シニア世代(60歳以上対象)の求職活動実態調査
60歳以降の求職者の約半数が「経済的な理由で収入を得るため」に仕事を探しているが、そのうち約3割は採用された経験がないことが明らかに。
世界No.1求人検索エンジン* 「Indeed (インディード)」の日本法人であるIndeed Japan株式会社(本社: 東京都港区、代表取締役:大八木 紘之、以下Indeed)は、9月18日の「敬老の日」を前に、 60〜89歳の男女30,198名を対象に、「シニア世代の求職活動実態調査」を実施しました。また、そのうち60歳以降に「経済的な理由」で求職活動を実施したことのある1,579名を対象に、採用された経験のある人とない人を比較し、採用成功のためのポイントを明らかにしました。
*出典:Indeed社内データ 2022年4~9月
<調査実施の背景・Indeedの求人/仕事検索データから見えること>
総務省統計局によると、65歳以上の高齢就業者数は2004年以降、18年連続で前年に比べ増加し、2021年は909万人と過去最多となっています。実際に、Indeed上で「60歳/60代」「70歳/70代」に関連するキーワードを用いた仕事検索の推移を調査したところ、「60歳/60代」の仕事検索数は5年間で4.0倍、「70歳/70代」の仕事検索数は5年間で14.7倍に増加しており、シニア世代の就業意向が高まっている様子がうかがえます。

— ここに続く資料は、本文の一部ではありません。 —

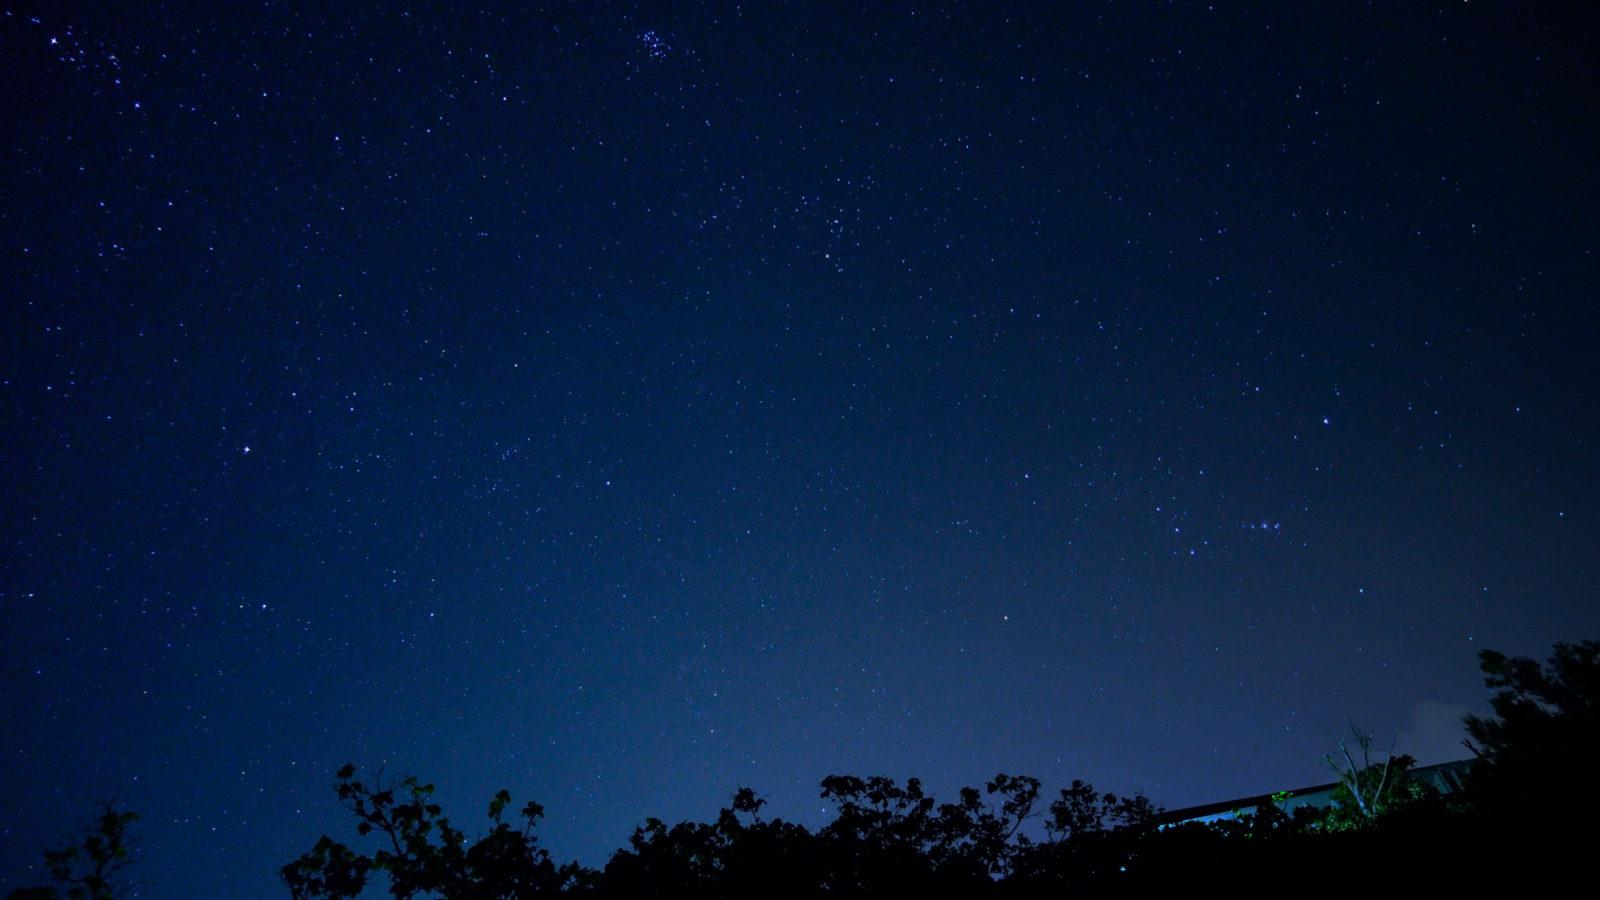 東京で星が綺麗に見える場所。そこは静寂に包まれた森の中、聞こえるのは川のせせらぎだけ。

一方、60歳以上を積極的に募集している求人割合を調査したところ、過去5年間で求人割合の増減はあったものの、2020年8月をピークに以降は右肩下がりの傾向が続いており、求職者ニーズとのギャップがあることがうかがえました。この背景として、以下の3つの可能性が考えられると、Indeed Hiring Labエコノミストの青木雄介は言います。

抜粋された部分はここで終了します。